One major advantage of accepting seller financing in a deal is that it is almost always a requirement of the buyer. SBA lenders routinely require a seller note. Private equity firms and family offices expect either a seller note or more often an equity roll. If you are fortunate enough to be acquired by a strategic buyer or a large competitor, there will be structure in the form of escrows, earn-outs, and other contingent payments likely including seller financing. The bottom line is that there are very few 'all cash' deals. Sellers who come to terms with the reality that some portion of the purchase price will be deferred are well positioned successfully consummate a transaction. Sellers who can't or won't get left at the alter.
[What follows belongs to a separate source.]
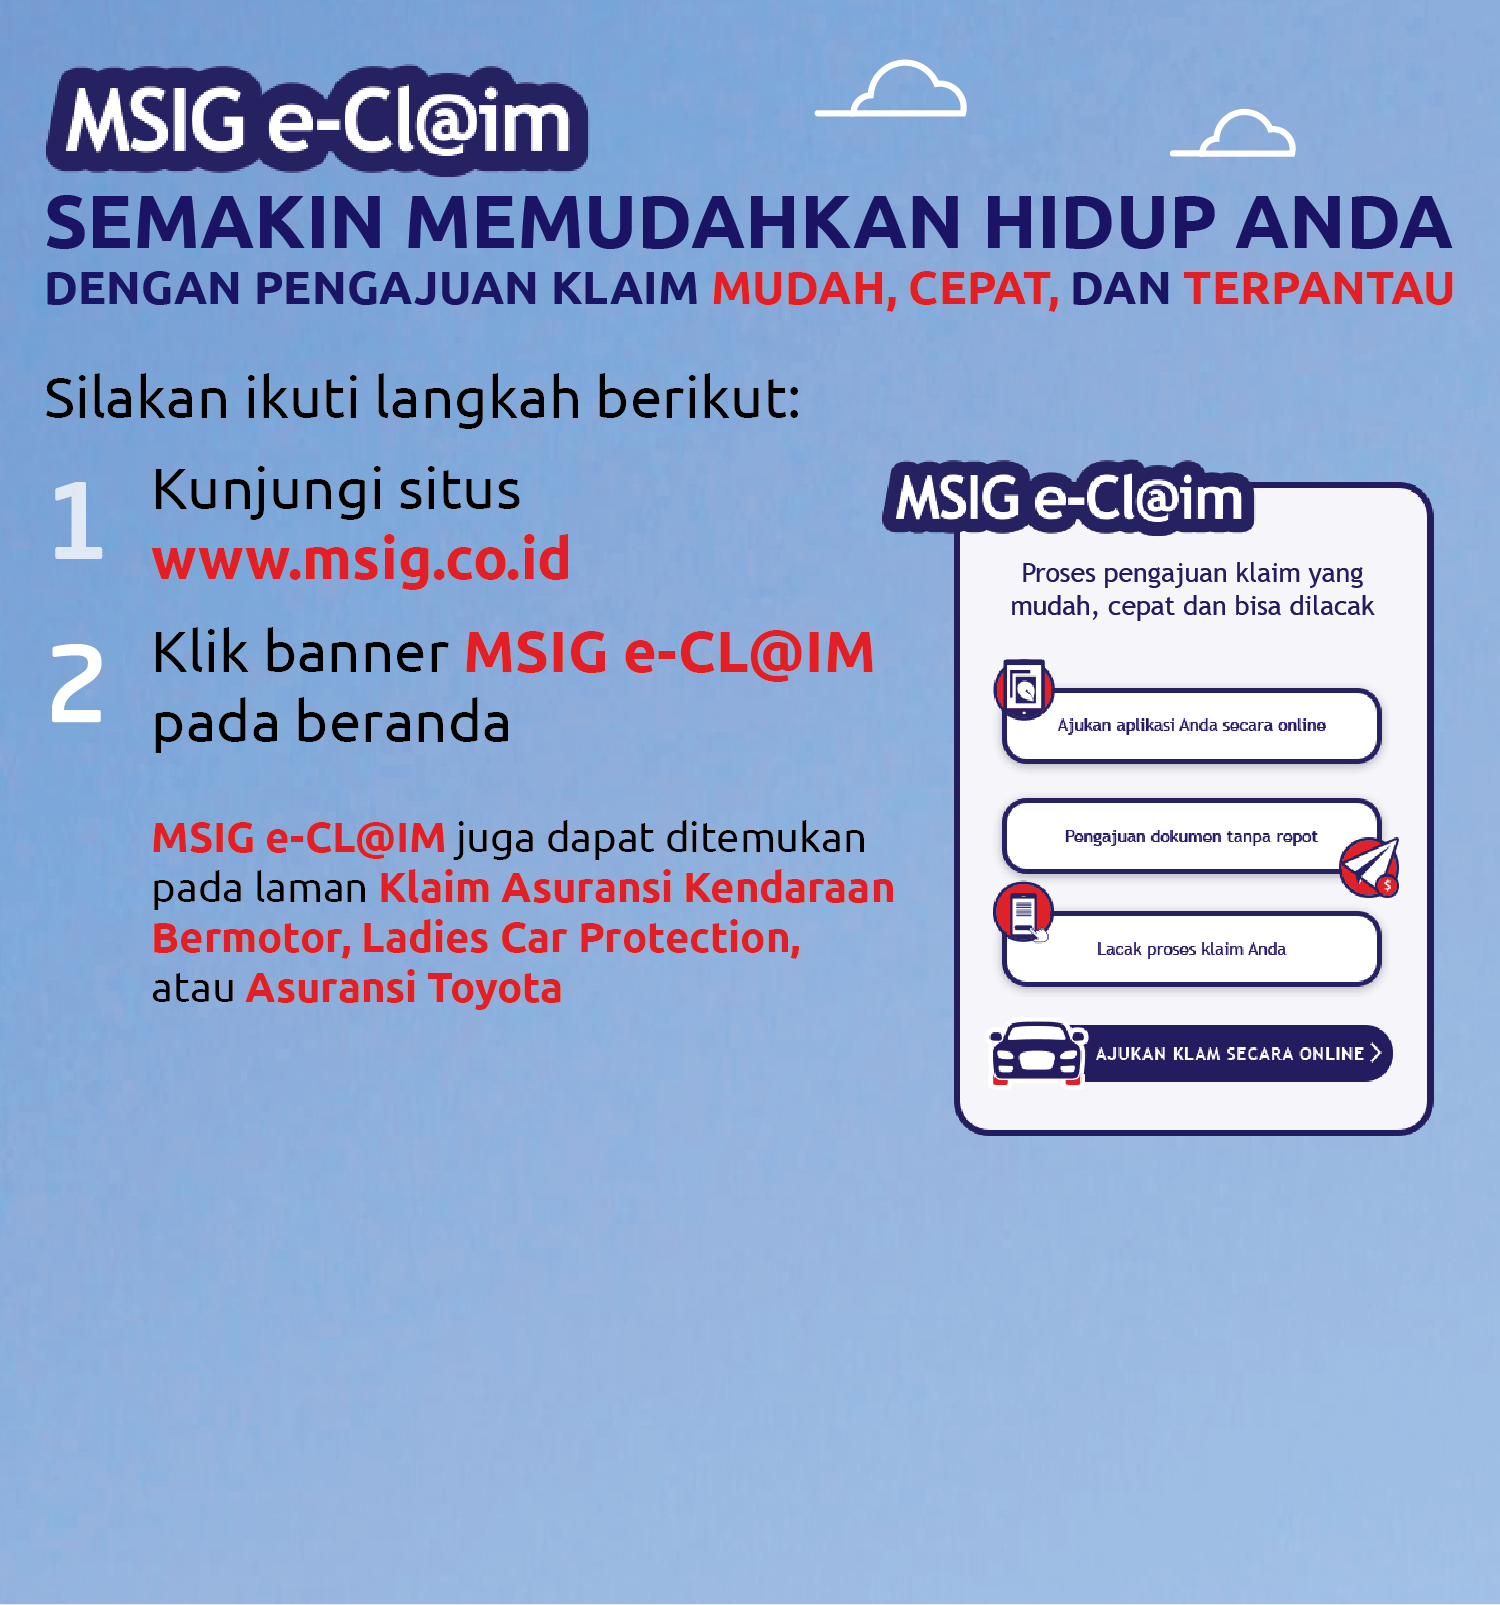 MSIG eclaim mobile banner image

Drawing from my experience as a tech CEO, I've recognized that seller financing in online business sales strategically positions the seller in ongoing business success. By providing financing, the seller performs the role of a stakeholder, ensuring the buyer’s commitment to enhancing business stability and growth. This usually propels the buyer to incorporate the previous owner's expertise and business acumen for smoother operations and to fulfill the agreed payments. Hence, seller financing not only facilitates the ownership transition but also shapes a supportive pathway for continued business success."
Seller financing increases the likelihood of successfully closing the deal for online business sellers, especially when buyers struggle to secure external financing. By offering seller financing, sellers eliminate the need for buyers to rely on banks or lending institutions, reducing potential obstacles and delays. This advantage is often overlooked but can be crucial in ensuring a smooth and timely transaction. For example, if a buyer has difficulty obtaining a loan from a bank due to stringent lending criteria or a unique business model, seller financing provides an alternative solution and expands the pool of potential buyers.
Sellers who offer seller financing gain the advantage of retaining a level of control and involvement in the business even after the sale. This can be appealing to sellers who have built a strong emotional connection to their business or want to ensure its continued success. By having a financial stake in the business through seller financing, sellers can maintain influence over strategic decisions, monitor performance, and potentially explore opportunities for collaboration with the new owner. For example, a seller who has built a successful online marketplace may choose to offer seller financing to a buyer who lacks expertise in digital marketing. By staying involved, the seller can provide guidance and support, ensuring the business's growth and profitability. Retaining control and involvement through seller financing allows sellers to continue contributing to the business's success while gradually transitioning ownership.
Offering seller financing can foster a positive relationship between the buyer and seller, potentially leading to future business collaborations or partnerships beyond the initial sale transaction. This advantage focuses on long-term benefits beyond the immediate sale, allowing sellers of online businesses to explore further opportunities with the buyer, such as joint ventures, affiliate programs, or even future acquisitions.